Я слез с кресла, бросил марлю в плевательницу.
— И-и-и-и… — затянул следующий.
— Так-так, — сказала Мария Леонтьевна и, убрав ларингоскоп, наклонилась, посмотрела на башмаки пациента.
— Алиев, где ты промочил ноги? По лужам бегал?
— Я не бегал, — обиделся Маратик Алиев и честно посмотрел своими большими печальными глазами в глаза Марии Леонтьевне. — Не бегал.
(И врет, между прочим. Я сам вчера видел, как он шастал по лужам.)
— Бегал. Мне в этом зеркальце прекрасно видно, как ты бегал по лужам… — сказала горловичка. — Владимир Константинович, я отстраняю Марата Алиева от спевок на неделю.
Наместников, сидевший рядом с ней, грозно посмотрел сквозь очки на Маратика.
А в дверях уже толкались старшие ребята.
Вот плюхнулся в кресло Коля Бирюков. Тот, который был когда-то Николаем Ивановичем. Он еще больше подылдел с тех пор. И рот у него сделался еще шире.
— И-и-и…
Я издали залюбовался этой глоткой. Вот уж глотка так глотка! Ужас, до чего огромная глотка.
— Еще.
— И-и-и-и…
Мария Леонтьевна долго и пристально рассматривала эту глотку. Потом снова обратилась к Наместникову:
— Владимир Константинович, взгляните, пожалуйста.
Она слегка повернула лампу.
Наместников согнулся.
— И-и-и-и…
— Вам видно?
— Да… да.
— Связки сильно утолщены.
— М-да.
Мария Леонтьевна отложила в сторону ларингоскоп.
— Петь нельзя.
Коля Бирюков захлопнул рот. Недобро сжал губы.
А Владимир Константинович снял очки и принялся тщательно протирать их платком.
— Мария Леонтьевна, двадцать шестого у нас концерт… — тихо сказал он.
— Бирюкову петь нельзя. Тем более — солировать.
— Может, до двадцать шестого… пройдет? — с надеждой спросил Коля.
— Нет, не пройдет. Это надолго, Коля.
Директор отвернулся к окну.
Бирюков рывком соскочил с кресла и выбежал за дверь.
— Следующий.
— И-и-и-и…
— Хорошо, Игорь. Отлично… Следующий.
— И-и-и…
— Хорошо.
А как он пел!
Мы все поем. Иначе бы нас не держали тут, в хоровом училище. Мы все неплохо поем. И каждый из нас годится в запевалы.
Но Коля Бирюков, по справедливости, пел лучше всех. У него был какой-то совершенно замечательный голос. И все эти годы запевал он. Был даже такой случай, когда Коля солировал в концерте не с нашим хором, а с настоящей, взрослой хоровой капеллой.
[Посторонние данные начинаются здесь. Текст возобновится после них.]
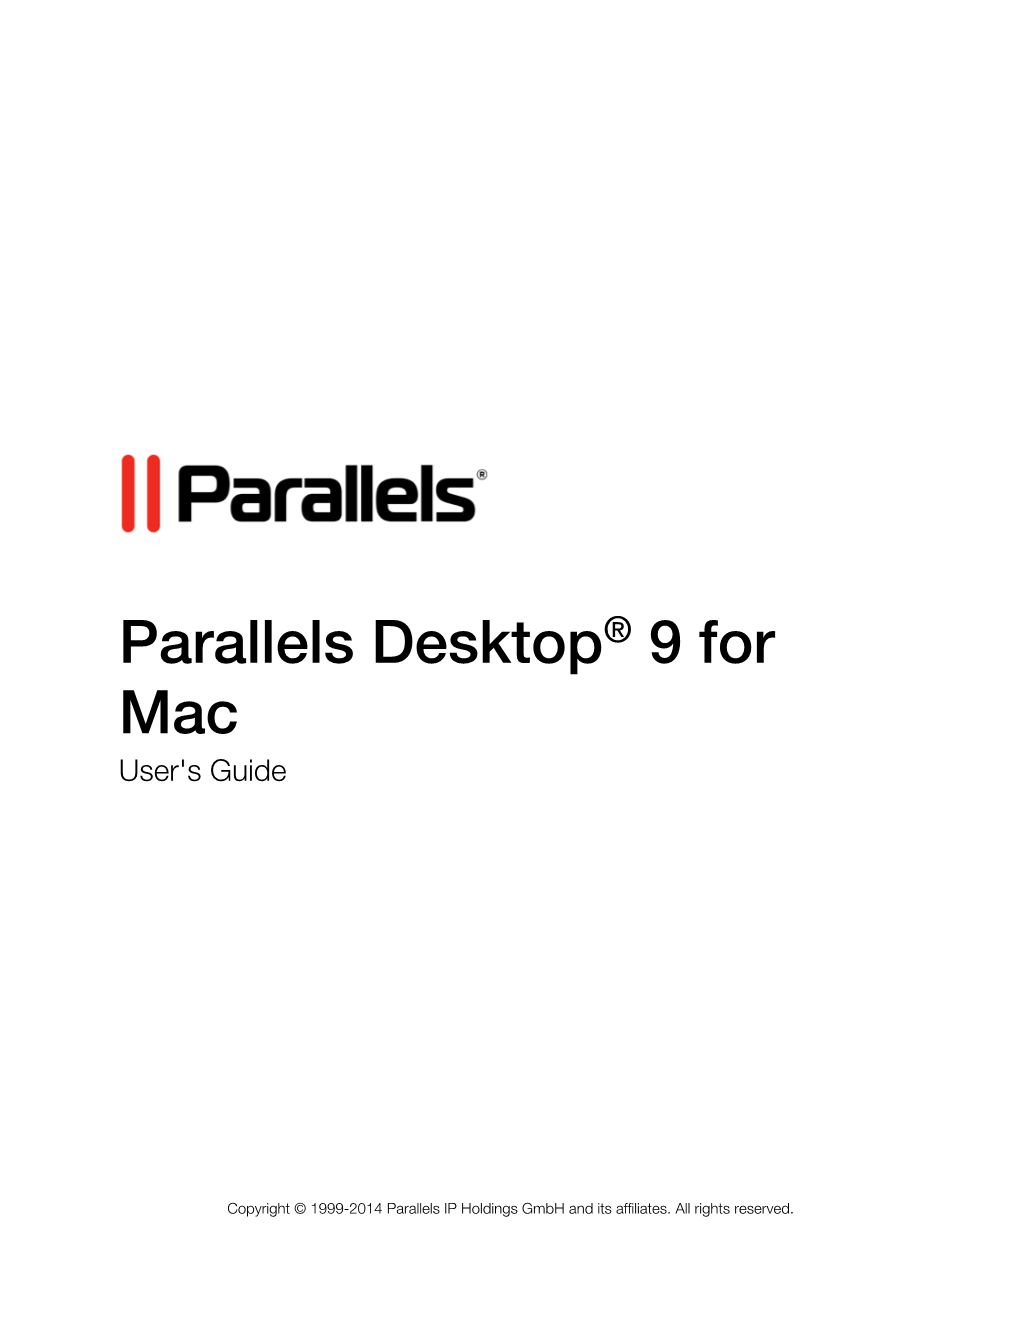 Parallels Desktop® 9 for Mac User's Guide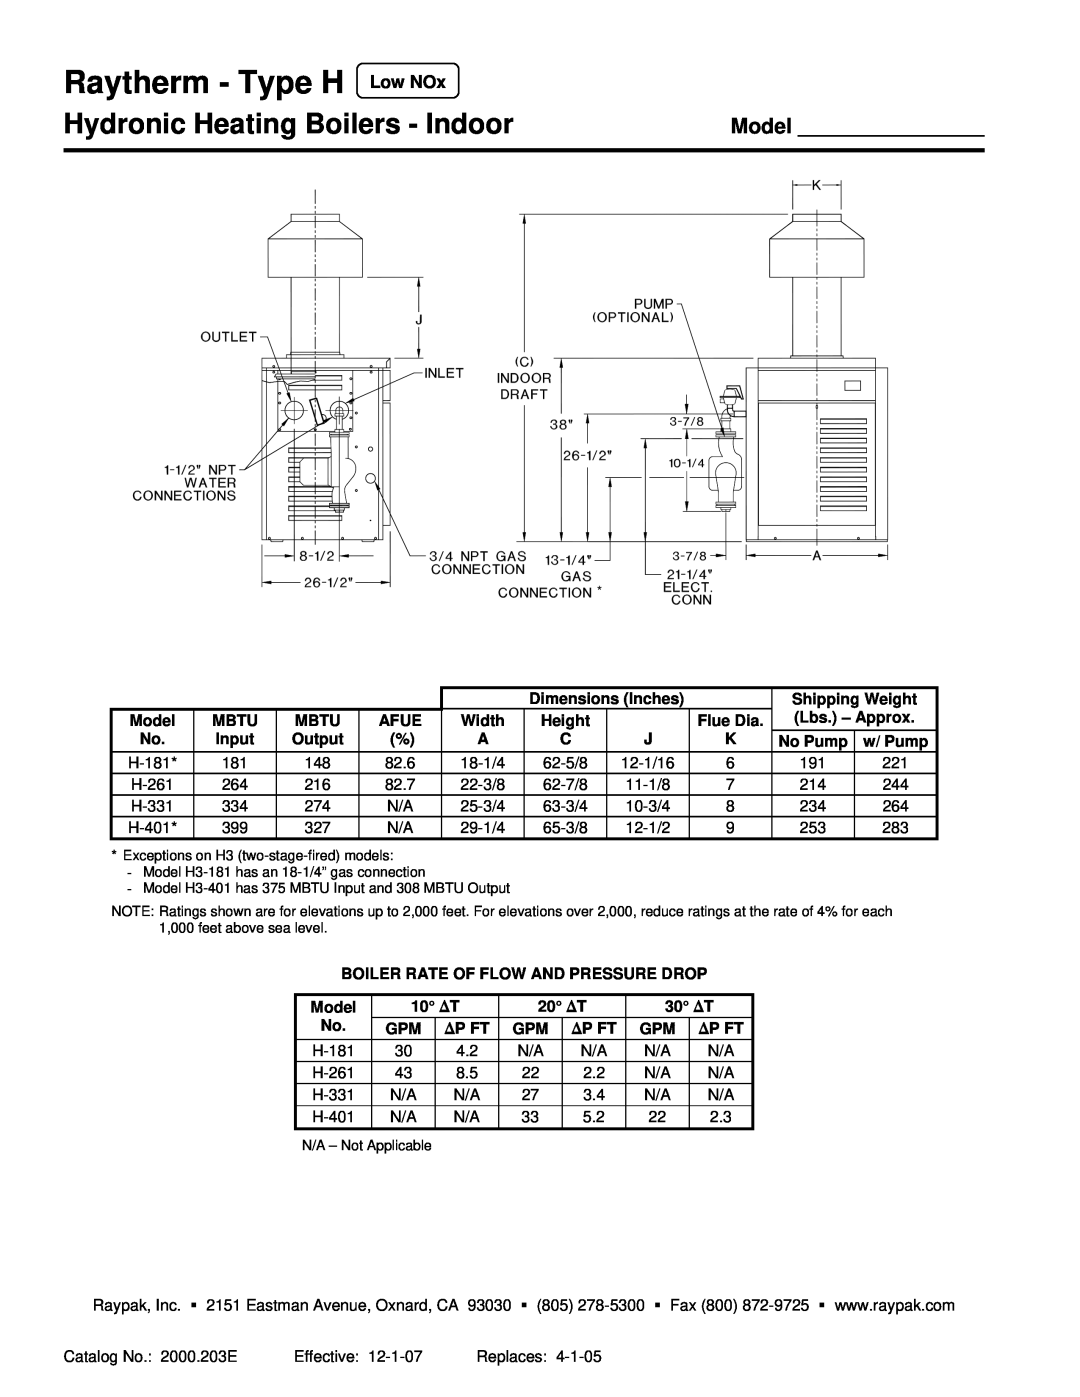 Raypak 181-401 warranty Raytherm - Type H Low NOx, Hydronic Heating Boilers - Indoor, Model

И я сам видел расклеенные по Москве афиши, где было напечатано: «Солист — Н. Бирюков».
Поэтому нетрудно догадаться, что значил для него приговор Марии Леонтьевны: «Петь нельзя».
И так же нетрудно догадаться, какой неожиданностью было для меня услышать на спевке:
— В концерте будет запевать Женя Прохоров. «Былину о Добрыне Никитиче» и «Орленка»…
Вообще-то я давно знал наизусть обе эти сольные партии.
И все же пришлось репетировать до одури: и с хором, и без хора — с концертмейстером Сергеем Павловичем.
Сергей Павлович тоже когда-то учился в нашем хоровом училище. Только не здесь, а в Ленинграде — ведь наше училище оттуда родом. Когда началась война, когда немцы осадили Ленинград, мальчиков вывезли в Кировскую область, в село Арбаж. Там они жили, и учились, и пели. И очень сильно голодали (мне рассказывал Сергей Павлович). Даже после того как немцев прогнали от Ленинграда, училище не могло вернуться обратно — там еще было страшно после блокады… И мальчиков привезли в Москву, на Большую Грузинскую, сюда.